The Salaryman's Wife(99)
“We bought them on last year’s holiday to Europe,” Mrs. Yamamoto said. “My husband’s and my lifelong dream was to see Venice. So many talented artists on the street, selling their work for very little! I said to my husband, you never know who will be the next Da Vinci!”
“Very true. How I love the Italian painters!” I settled myself on the end of a small sofa and coughed into my hand. “Oh, excuse me. My throat is a little dry from the cold winds outside.”
“I will make tea!” Mrs. Yamamoto announced.
“Please don’t go to the trouble,” I demurred, playing my part to perfection.
“Kenji-kun, it was terrible of you not to tell me your nice friend was coming. Now, I will just be a few moments—enjoy visiting together—” As Mrs. Yamamoto floated off to the kitchen, I realized she might be harboring hopes for her bachelor son.
I smiled cozily at Yamamoto and patted the seat next to me.
“May I call you Kenji-kun?” It literally meant “Kenji-boy.”
“Okay.” He didn’t look happy as he sat down with me.
“What have you told your mother?” I asked in English.
“She thinks I had a ski accident and some kind of nervous problem where I cannot work. Hugh-san helped me figure it out,” he whispered back.
“What’s the latest from the police?”
“The National Police Agency is conducting a covert investigation. I’m sure nothing will come of it.” He leaned forward to pick up the television’s remote control from the rosewood coffee table.
I grabbed the remote away. “How do you now that?”
“Ichiro Fukujima has many friends in high places.”
“Are you sure you aren’t jumping to conclusions about this blackmail thing?” I asked. “Could Mr. Nakamura have needed the design for another purpose?”
“No! Nakamura is a horrible person, and only I see it!”
“That’s not true,” I would have gone on, but Mrs. Yamamoto came in heating green tea. I accepted an earthenware cup, not taking a sip until her son had.
“You must speak as much as possible to my son, to help retrieve his memory, The doctors believe it will come back, given time,” she said. From the way she was smiling at me, it was obvious she hadn’t connected me to the girl in the newspapers.
“What doctors? I asked Yamamoto when his mother had departed.
“The police arranged something.” He shrugged.
“Everyone arranges things for you, don’t they?” I decided he was the most passive young man I’d met.
“How did your problem with Nakamura start, anyway?”
“I don’t know. Maybe when our section had after-work drinking.”
“How often did you have to go?” At Nichiyu, it was the custom for workers to spend time drinking with colleagues at least twice weekly. Things that couldn’t be said within the confines of the office were expressed here, often with a great deal of vulgarity.
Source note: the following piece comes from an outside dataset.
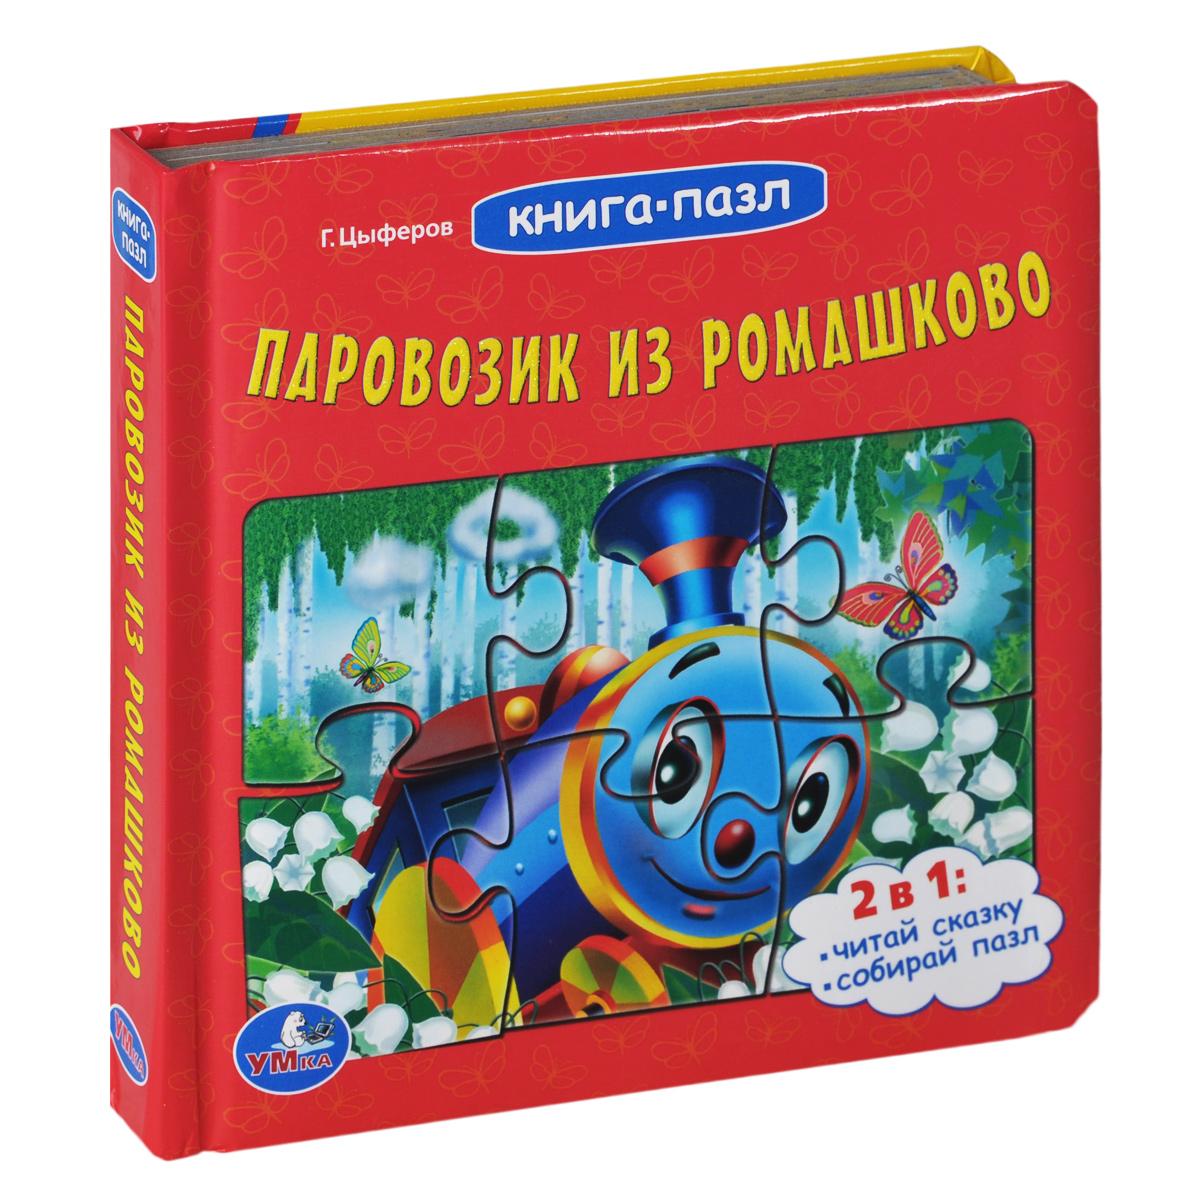 Паровозик из Ромашково. Книжка-игрушка

Drinking myself under the table with people who already bore some hostility toward me wasn’t my idea of fun, so I declined all but the holiday affairs.
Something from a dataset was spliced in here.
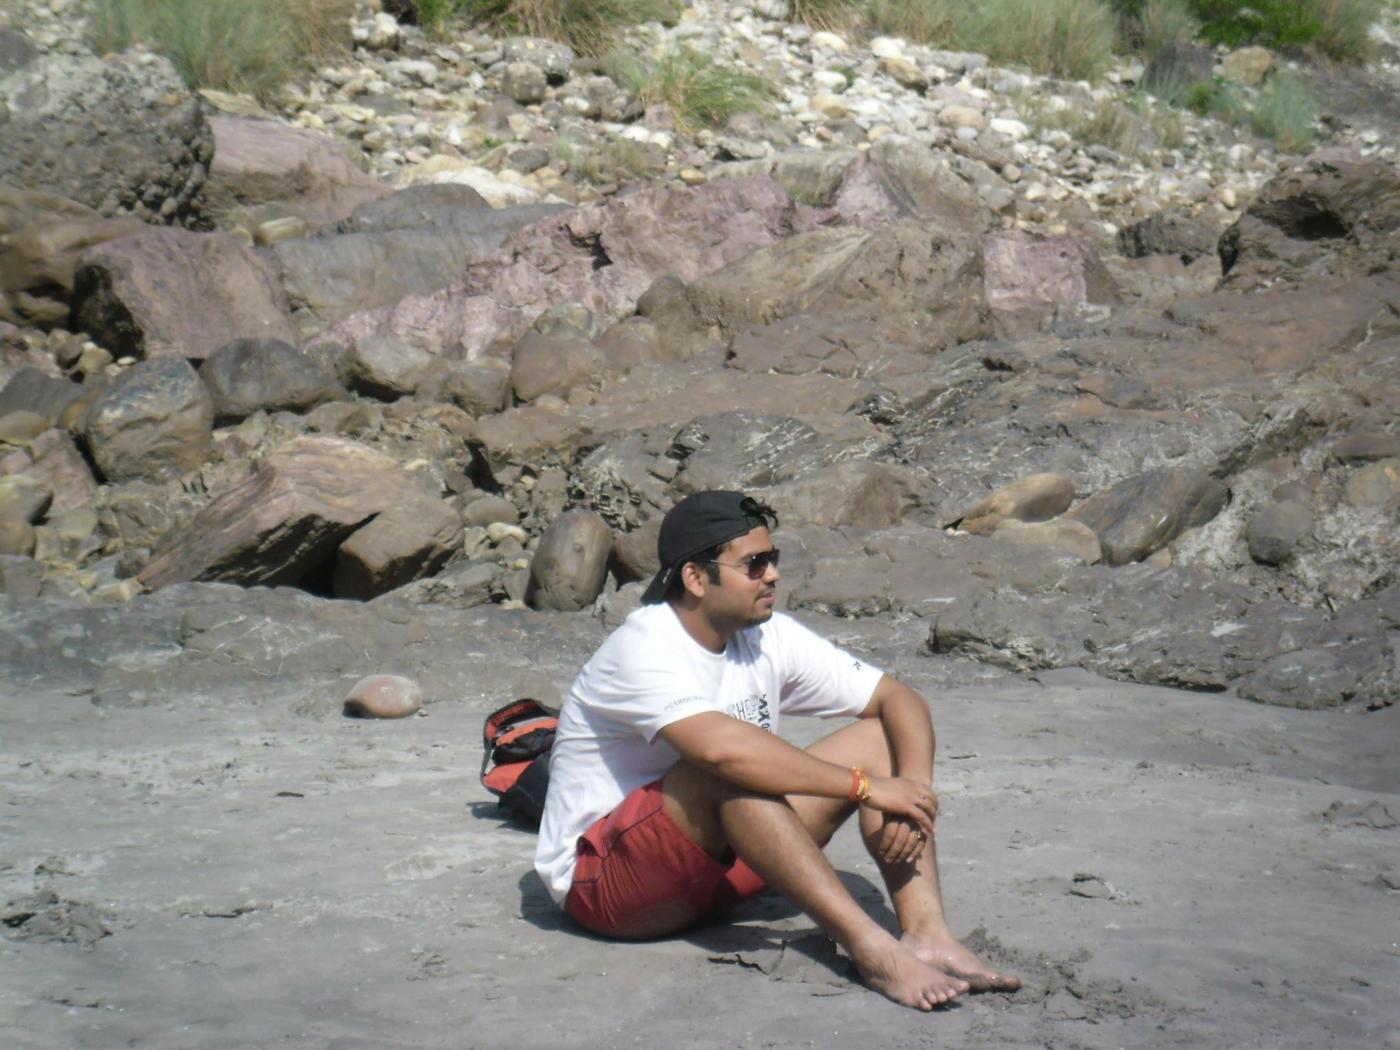 Sankalp Mishra

“In Mr. Nakamura’s section, we went about three times a week.” Yamamoto paused. “The problem is that alcohol makes me sick. I get dizzy and can’t control my breathing. So I always pretended to be drunk, hoping people wouldn’t give me more.”
“And Mr. Nakamura noticed?” Now I remembered Yamamoto’s untouched whiskey at Hugh’s and how he’d hardly drunk any beer on New Year’s Eve.
“Unfortunately. One time he saw me pouring Scotch into a potted plant behind the table and told me I was a baby.” Yamamoto stared at me morosely.
“You should have ignored him.”
“You don’t understand.” Yamamoto’s voice rose. “He thought I wasn’t part of the team and was starting to tell people. He would insult me in front of Mr. Sendai, saying I was more interested in myself than the company. So when I went to Nakamura’s desk, I was searching for my employment file. I was very worried.”
“And you found it?”
“Yes. It said that I was lazy, morally lax, at the bottom of my class…”
“He is horrible,” I agreed. “But what happens to you now? Surely it’s stupid to throw away a job thousands of young people would die for.” I stopped, aware of my bad choice of words.
“I can’t go back to Sendai unless Mr. Nakamura leaves. I don’t like the atmosphere he creates. Drinking at lunchtime, or going out at five for a few hours’ pleasure in Kabuki-cho…”
I recalled the black teddy in his bedroom closet and decided to ask Yamamoto if he thought Nakamura had been seeing a prostitute.